Child Safe Standards roles and responsibilities
Schools must consider child safety and Working with Children requirements in their procurement of SBAT training providers.
The school’s child safety strategies, policies and procedures should address and respond to child safety risks relating to SBATs. For example, schools should ensure that:
- written agreements between the school and the SBAT provider include conditions relating to child safety and parties are aware of their roles and responsibilities relating to protection of children
- there are clear processes for responding to and reporting suspected child abuse that affects children participating in the SBAT program
- particular risks of child abuse at the SBAT employer's premises are identified and strategies are put in place to reduce or remove these risks
- the effectiveness of risk controls is monitored and evaluated
- steps are taken to ensure that children participating in an SBAT feel empowered and comfortable to raise concerns about their safety.
Schools are not directly responsible for incidents that occur when a student is undertaking work or training under an SBAT. However, schools should take measures to protect the student from harm and address issues as they arise, for example, if:
- the school becomes aware of an incident involving the student at the workplace or in training
- the school is concerned that the student is not being supervised properly in the workplace.
The school should nominate a staff member for the student to contact about any issues they may have with the SBAT. The nominated staff member should be made aware of any Individual Education Plans and Student Support Group for a student.

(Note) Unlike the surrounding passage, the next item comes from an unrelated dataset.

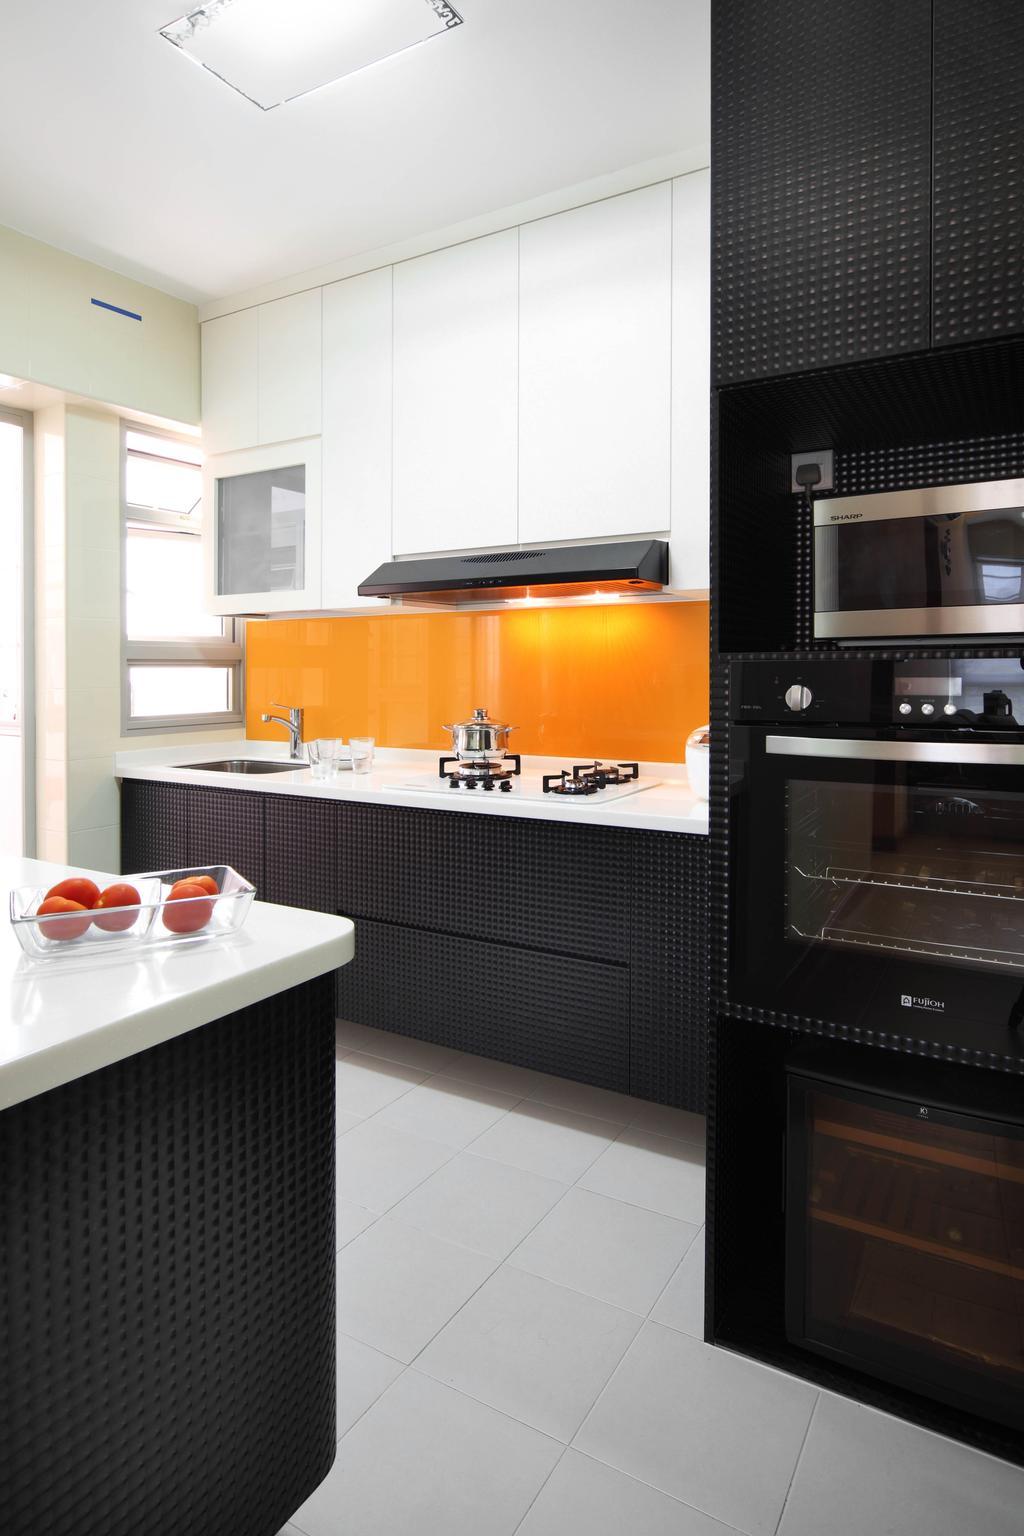 Eclectic, HDB, Kitchen, Punggol Place (Block 302C), Interior Designer, De Exclusive Design Group, Kitchen Cabinetry, Cabinets, Backplash, B W, Built In Oven, Kitchen Countertop, White Cabinets, Indoors, Interior Design, Room
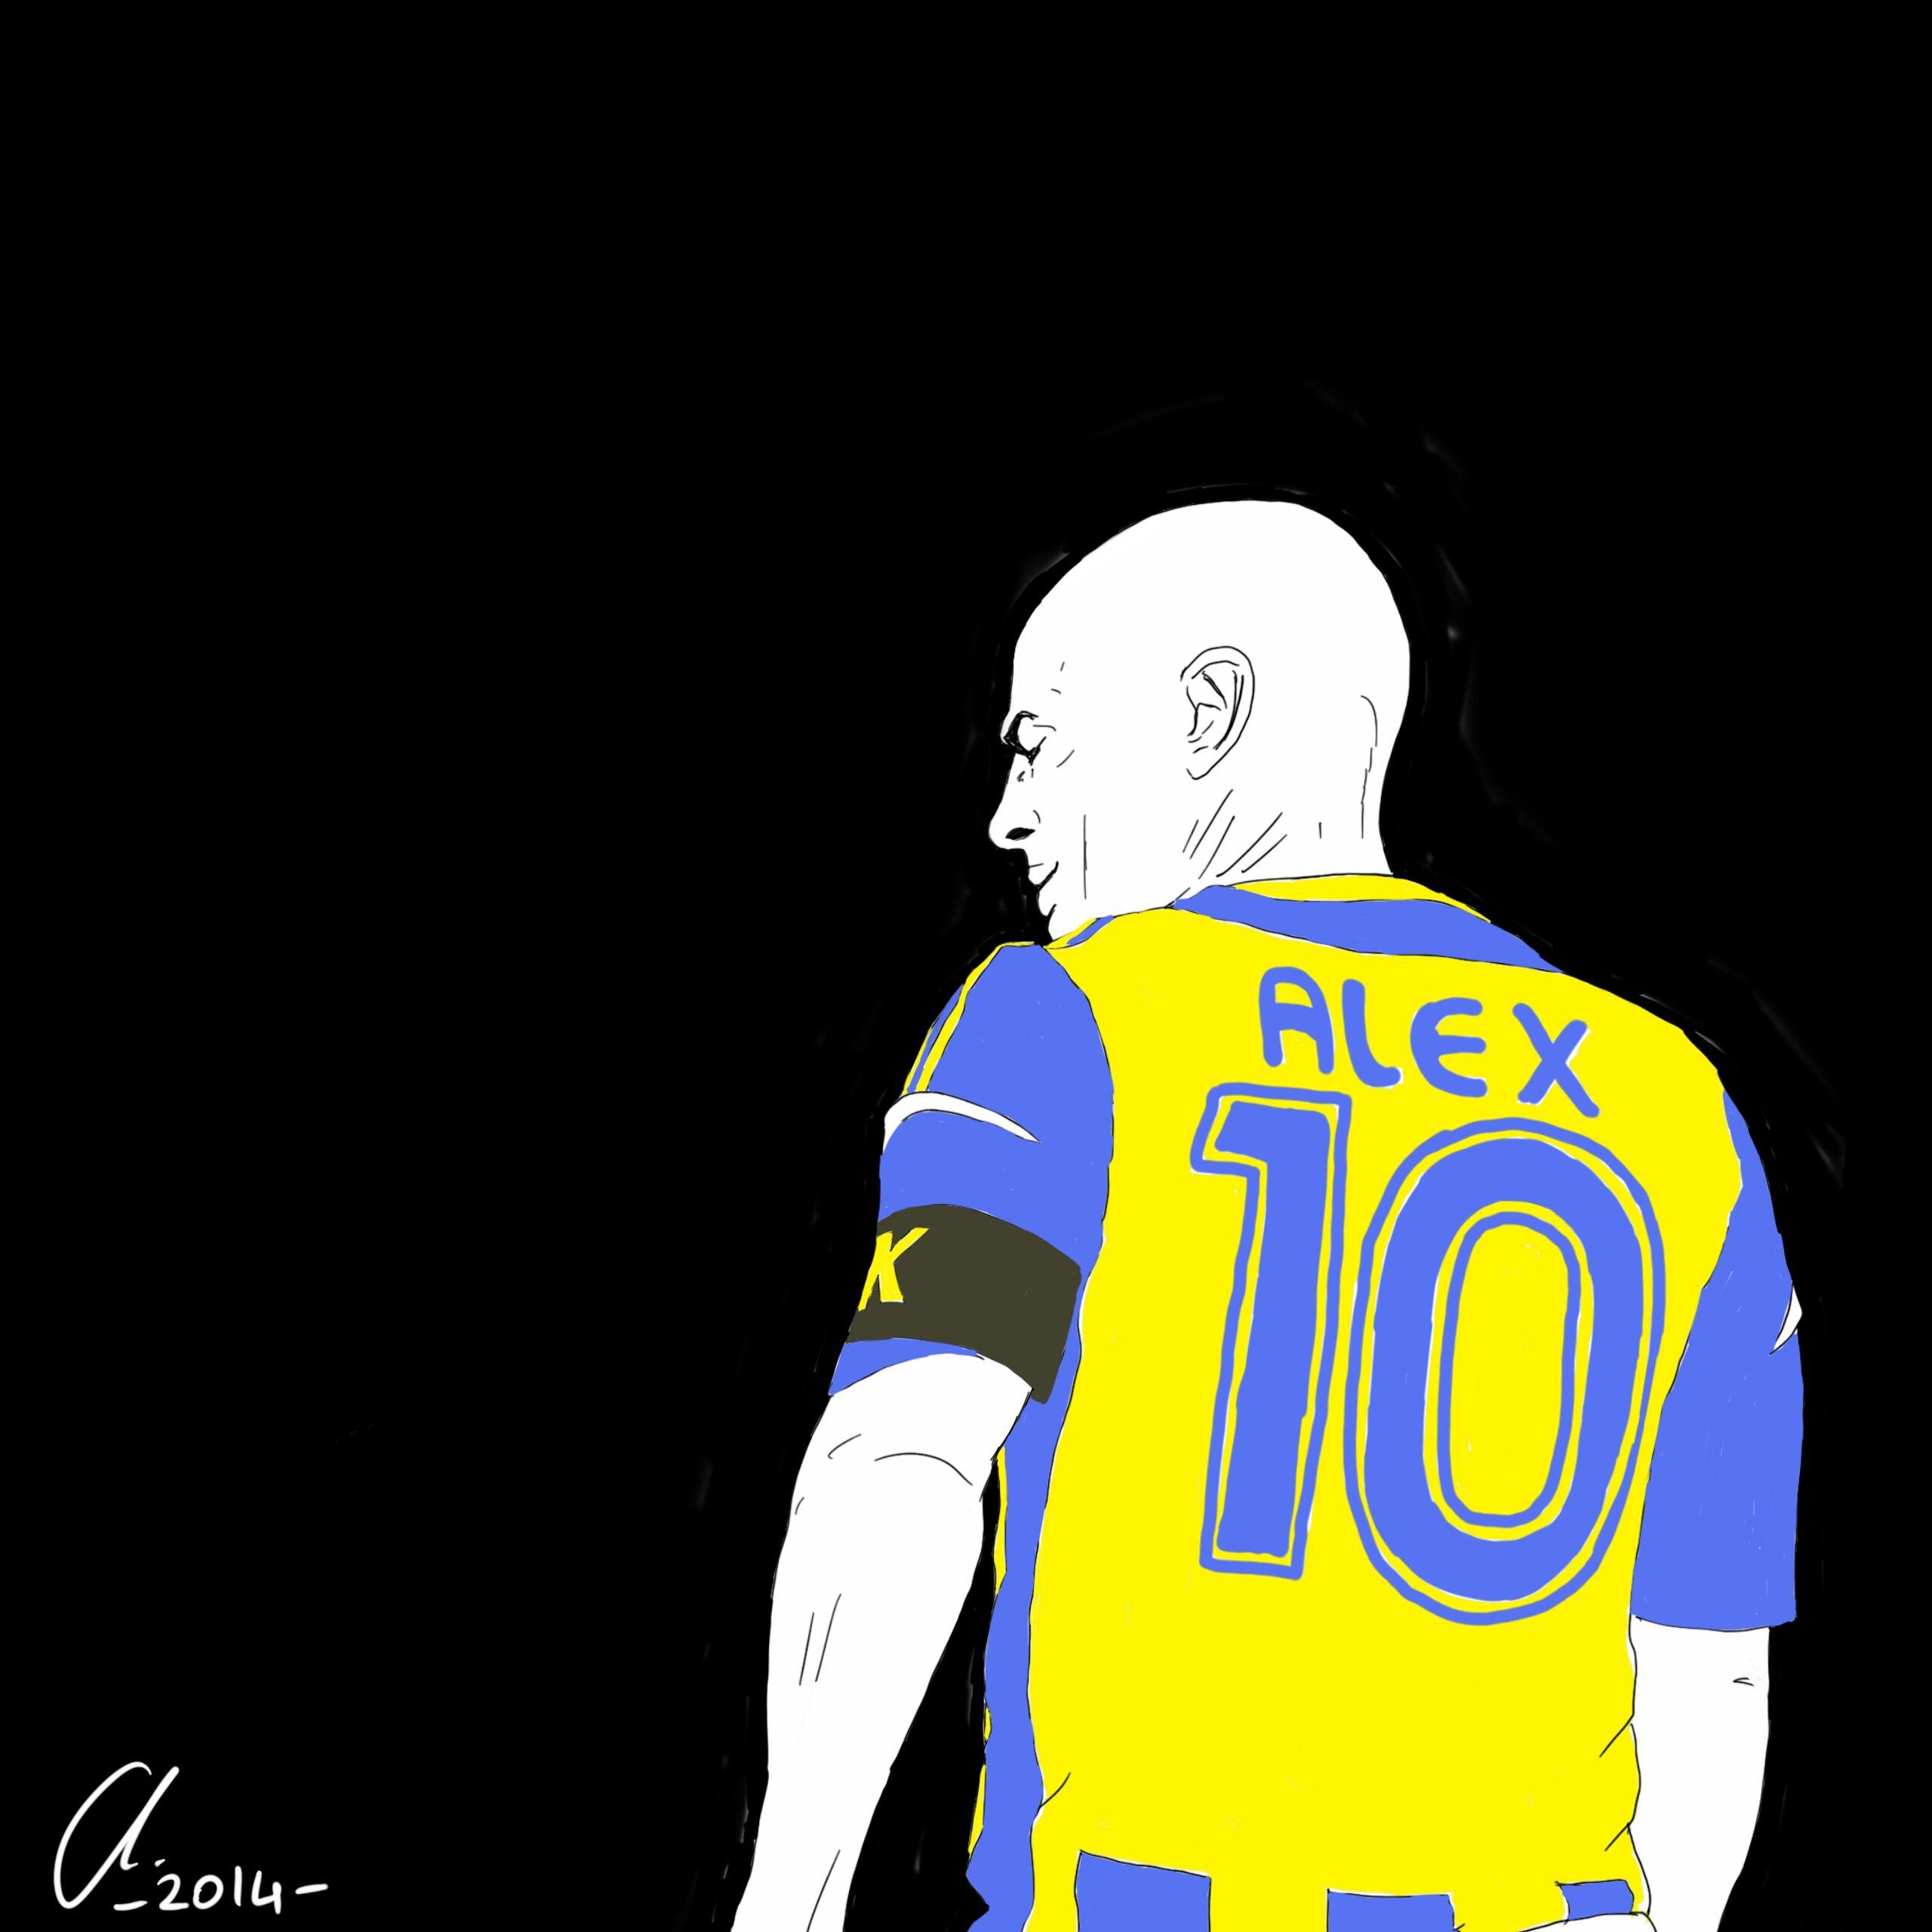 Alex De Souza Futbol Brasil Fenerbahce Brezilya Sultan Sulu

This staff member should have received child safety training and have knowledge of indicators of child harm and related school policies.
During the training component of an SBAT, RTOs must:
- be compliant with the Child Safe Standards and have child safety policies and a code of conduct
- provide the student with information and support about the training requirements being undertaken
- ensure all trainers providing training services to the SBAT student have a valid Working with Children Clearance, as required by the Worker Screening Act 2020 (Vic)
- report any student absences to the employer and the school at least weekly.
Employers involved in an SBAT program must ensure that:
- the workplace is safe and appropriate supervision of the student is provided
- paid work is carried out under an appropriate industrial agreement that endorses part-time apprenticeships or traineeships
- the student’s work is supervised by a ‘fit and proper’ person with the skills and qualifications to enable them to attain the skills outlined in their training plan.
These obligations extend to any host employer that the employer may engage to provide employment to the student, for example hosted arrangements through a Group Training Organisation (GTO). Note that a host employer is also considered as part of the school environment in the context of an SBAT.
As in any employment situation, the employer must provide a safe working environment free from bullying, harassment, discrimination or abuse.
The employer should monitor the student’s attendance at work (including work with any host employer) and use an agreed mechanism with the school, at least weekly, to record and report to the school any non-attendance. Once reported, the school should discuss the reasons for any absences with the student.